When a patient's condition doesn't improve, the instinct is to do more — another test, another referral, another intervention. But the 12th-century physician and philosopher Moses Maimonides, drawing on a close reading of Galen, argued something that cuts against that instinct: the physician's first obligation is to understand the specific person in front of them, not the disease category, because the same illness behaves differently in different bodies shaped by different histories. What Maimonides called 'the particularity of the patient' is essentially what modern medicine systematically underresources — the time to sit with singularity. The German philosopher Wilhelm Dilthey, two centuries later, formalized the distinction between *erklären* (explaining by subsuming under general laws) and *verstehen* (understanding by grasping particulars from the inside).
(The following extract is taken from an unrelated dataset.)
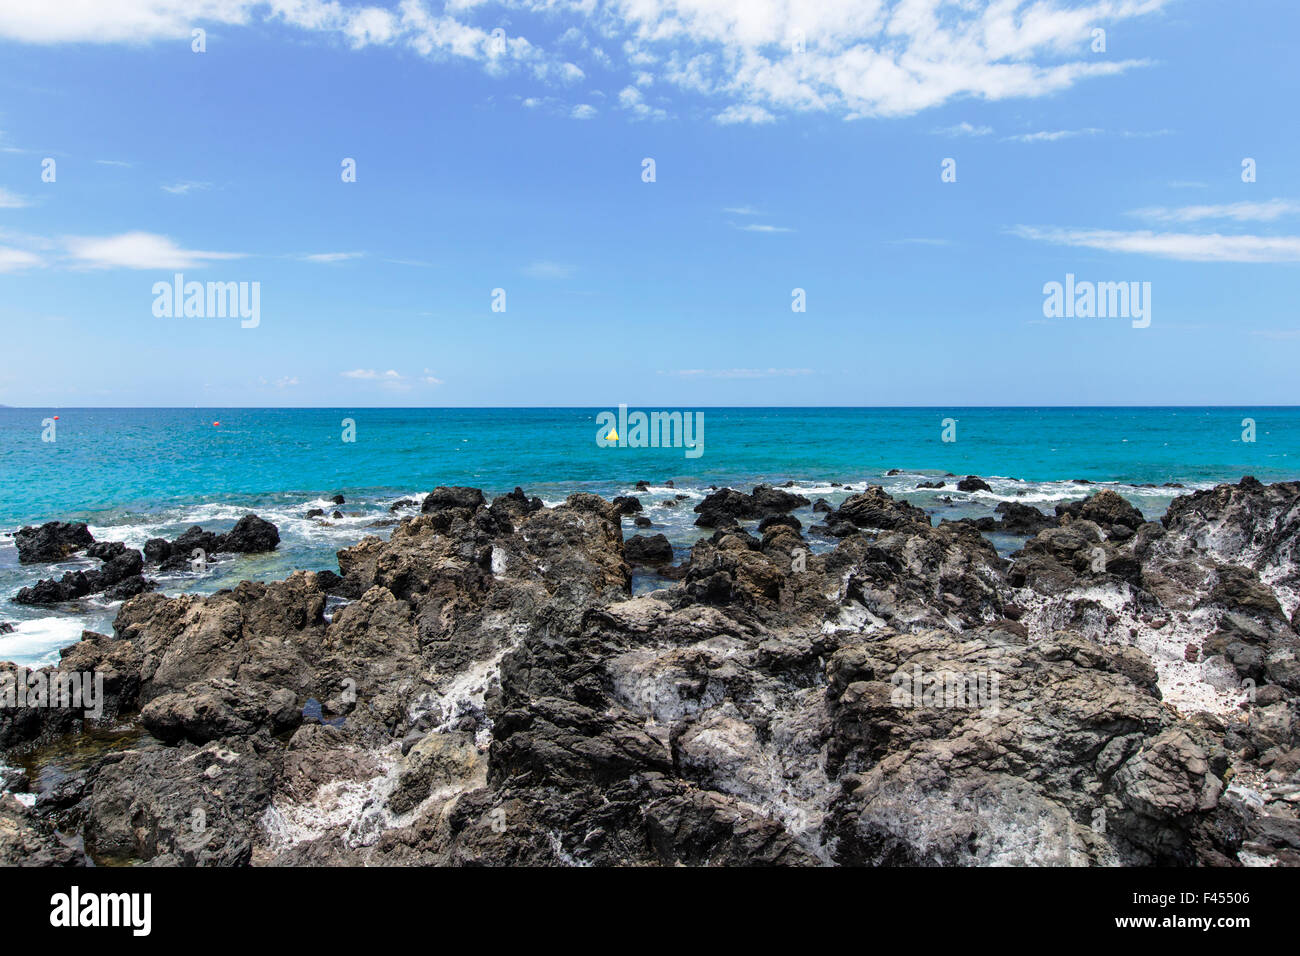 Weltberühmte Hapuna Beach, Kohala Coast, Hawaii, USA Stockfoto

Medicine trains heavily in erklären. Verstehen gets squeezed out by throughput. The practical edge this offers: the next time a case feels stuck, the question isn't 'what does the literature say about this condition' — it's 'what is this particular person's body telling me that doesn't fit the pattern yet?'
Name one patient whose outcome you'd revisit — not to second-guess the diagnosis, but to ask what singular fact about them you filed away as irrelevant.
Drawing from Medieval Jewish Philosophy / German Hermeneutics — Moses Maimonides & Wilhelm Dilthey (synthesized)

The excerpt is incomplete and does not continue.